We want to add to the “user create” the functionality to send password to the user and auto generate the password like in other web system.
Now you must put a password and that is not a good security practice.
Resume:
There is a fundamental flaw in sending password by email because it is clear text.
I think the flaw can be mitigated if it is a one-time password that is sent with an expiration date.
Also sending email will be an option only once issue3553 will be implemented because it should be transactional.
I think this should not only limited to the wizard but also to the form. The administrator should be able to reset a password in case the user forgot it.
Indeed I think we could use the session. This mean that the user/password should be checked against the real password but also against the active session.
Also I think the workflow to reset the password will be to remove the current one and just send a session by email. Then when the user login, we have a wizard to set the password if the user has no password.

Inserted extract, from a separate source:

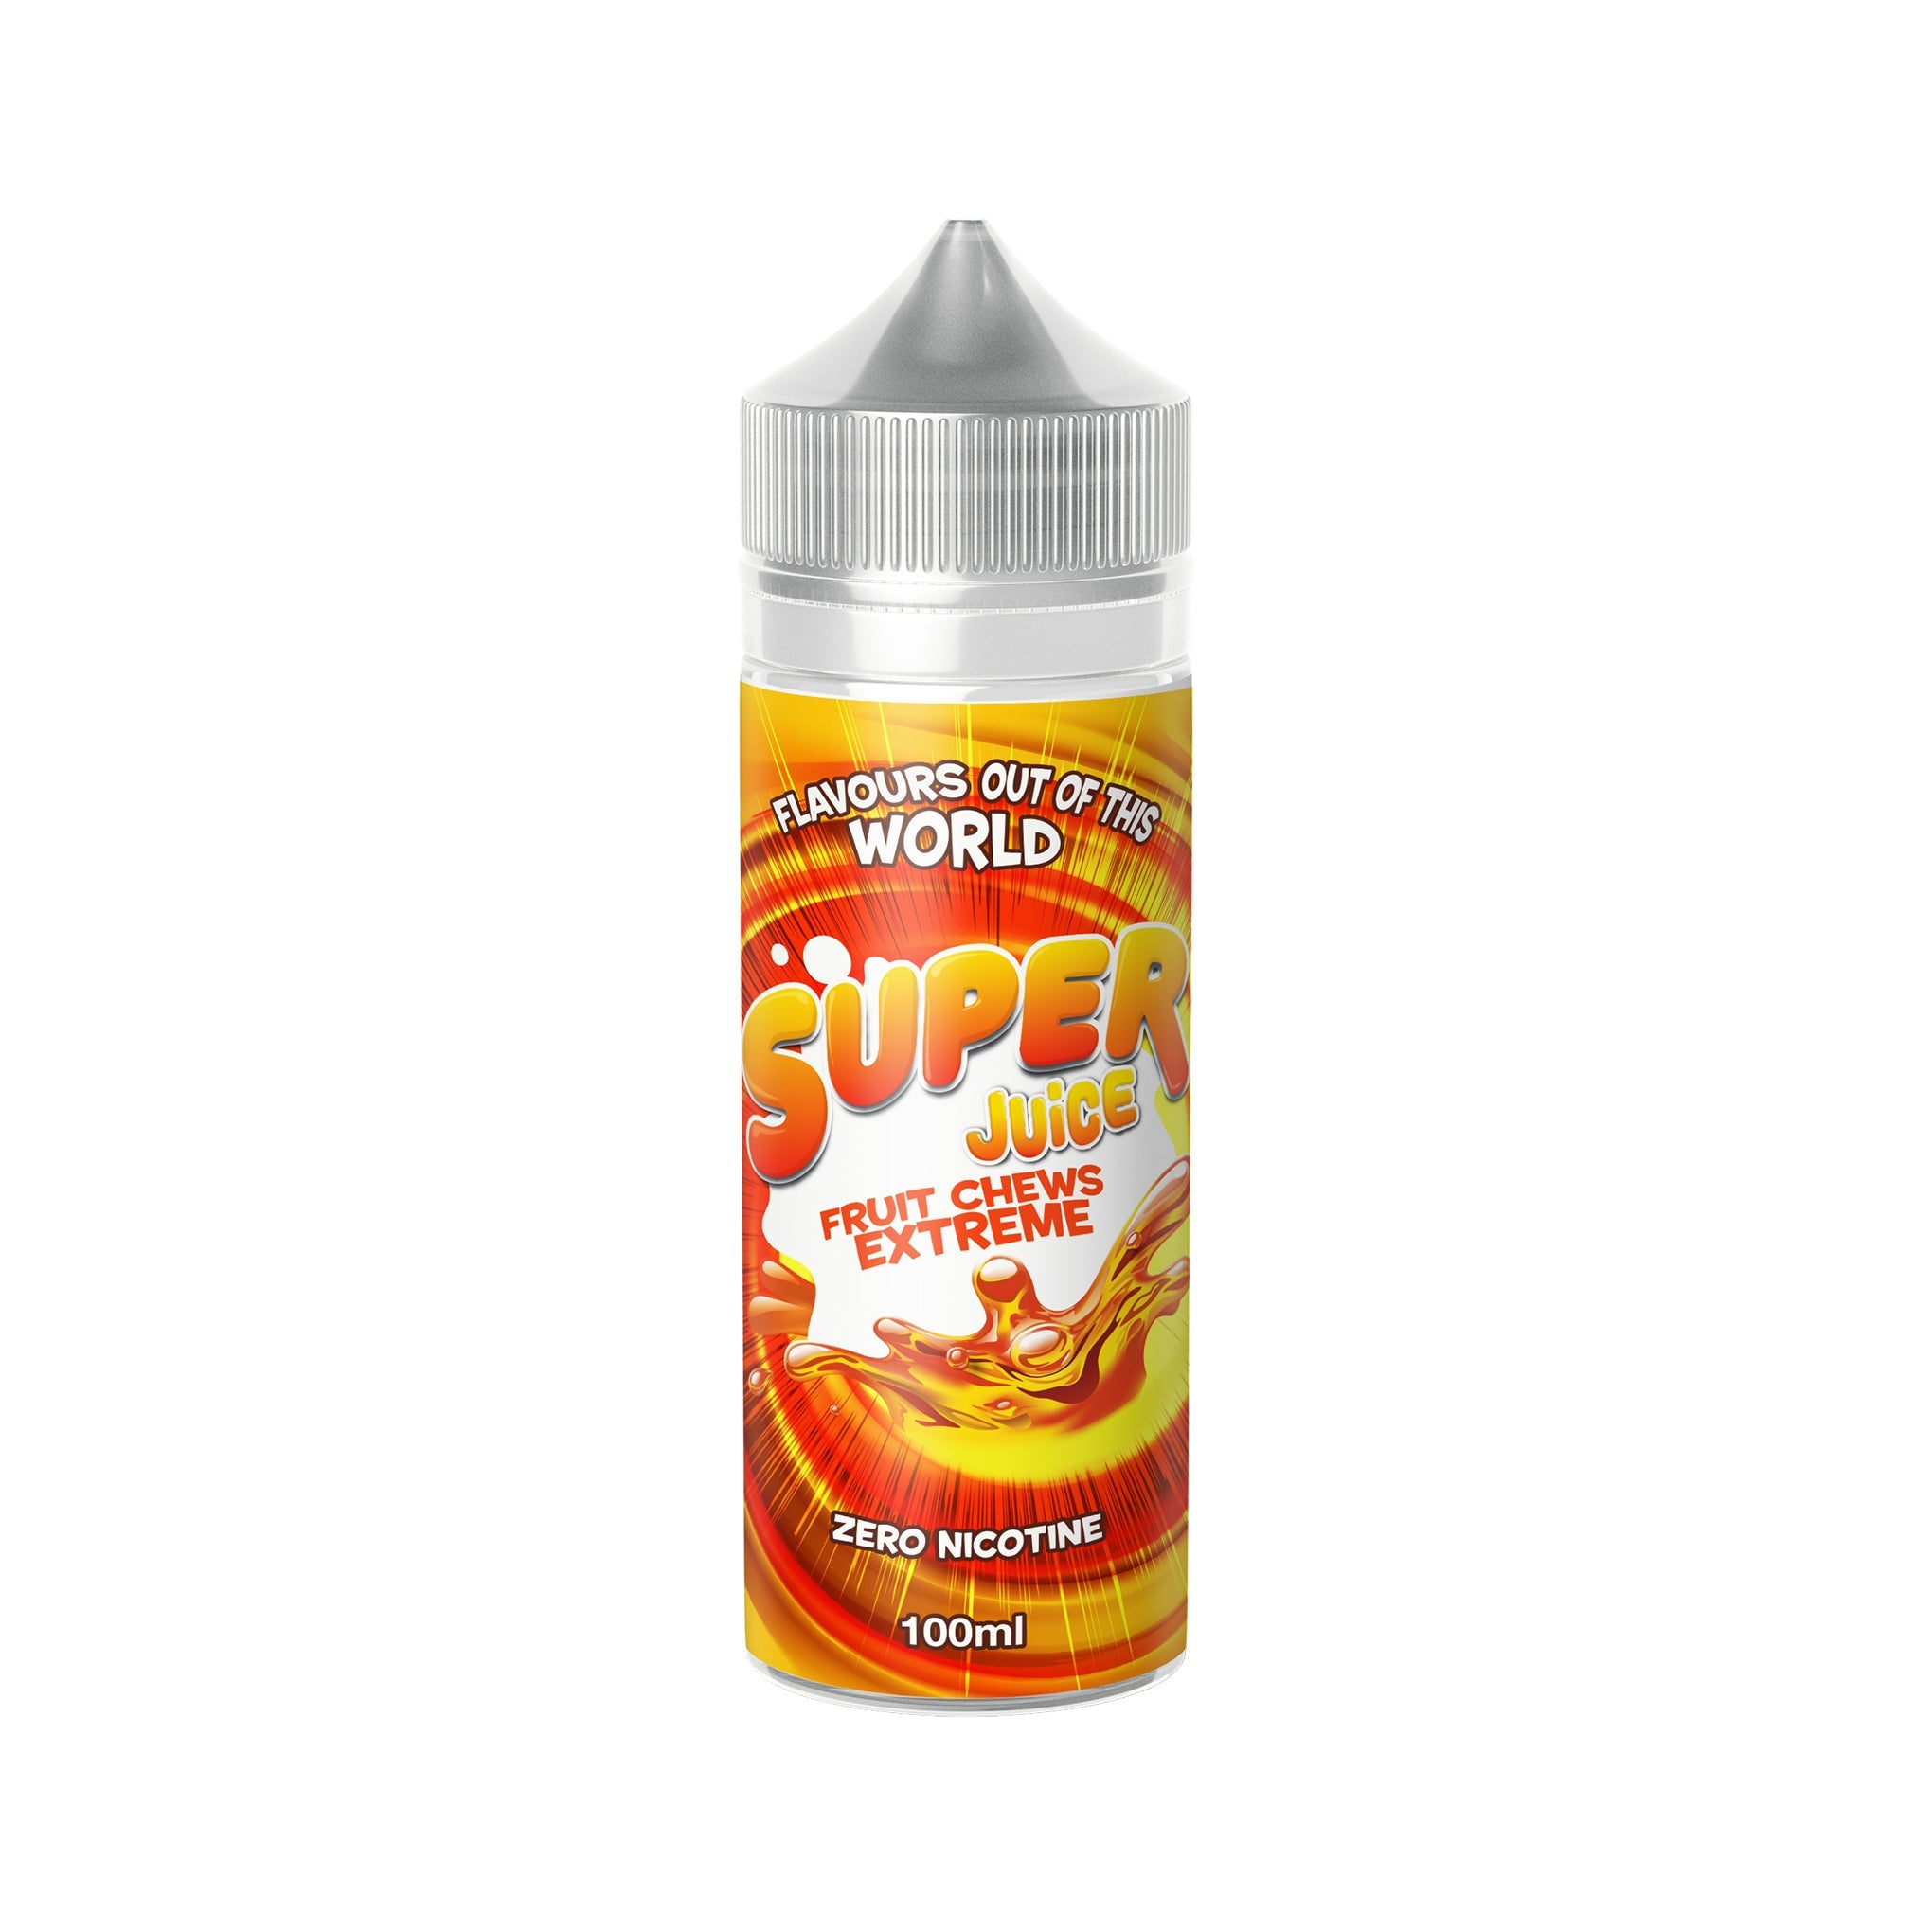 Super Juice Short Fill E-Liquid by IVG Fruit Chew Extreme 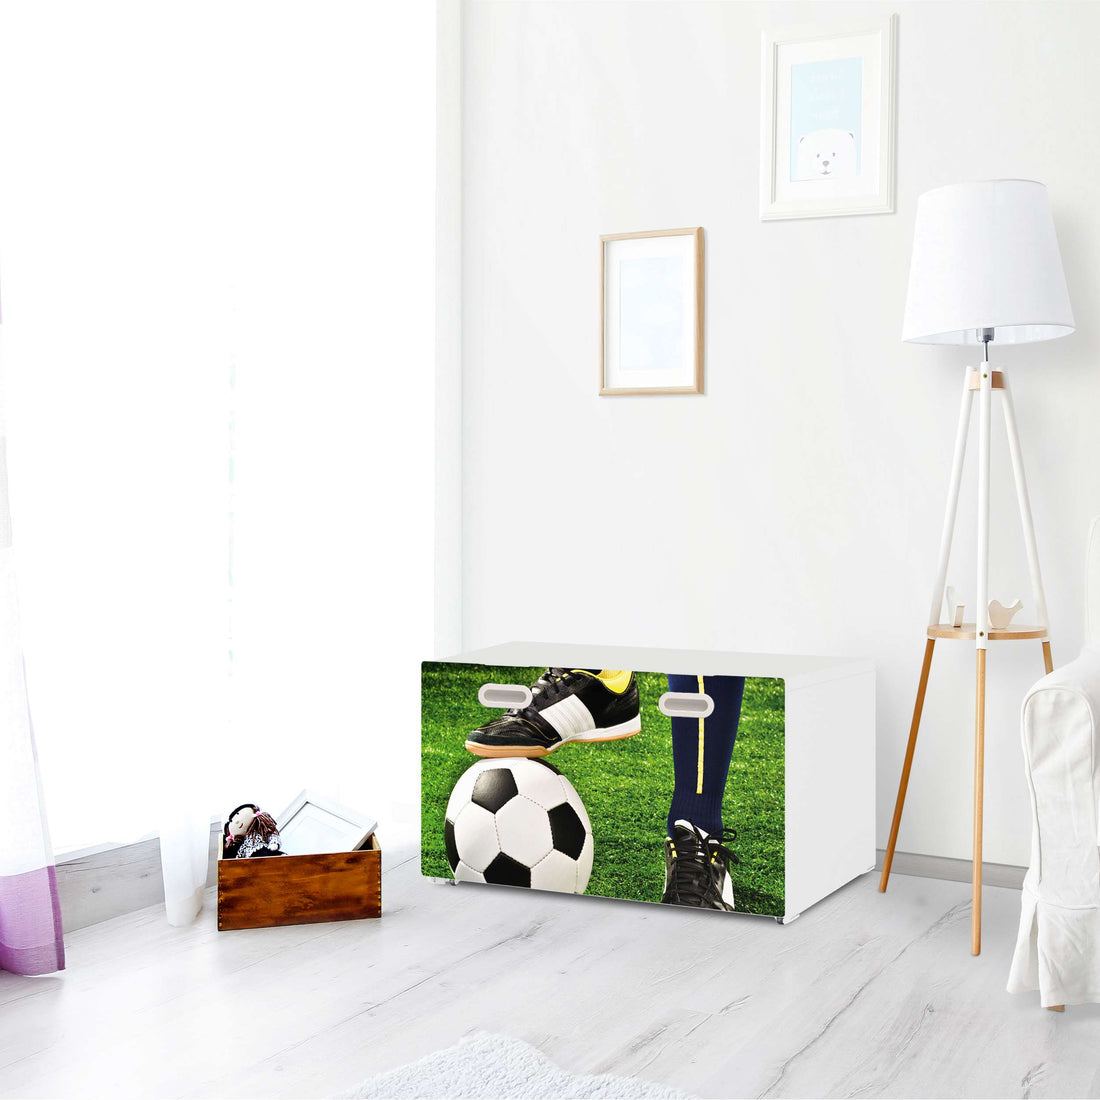 Möbelfolie Fussballstar - IKEA Stuva / Fritids Bank mit Kasten - Kinderzimmer

We could also have on the client side a way to request to reset the password and sent it by email but in this case we should not clear the password because it could become a way to denial the user.
@ced I agree with all your comments: one-time password and the “The administrator should be able to reset a password in case the user forgot it”.
Maybe it will be useful that the user can recovery password without the administrator. Thanks
With the customizable login process, the default login process could check if there is a password set for the user and if not request the one send by email. So we don’t need to use a session but just a generated password stored in a separate table which expire quickly.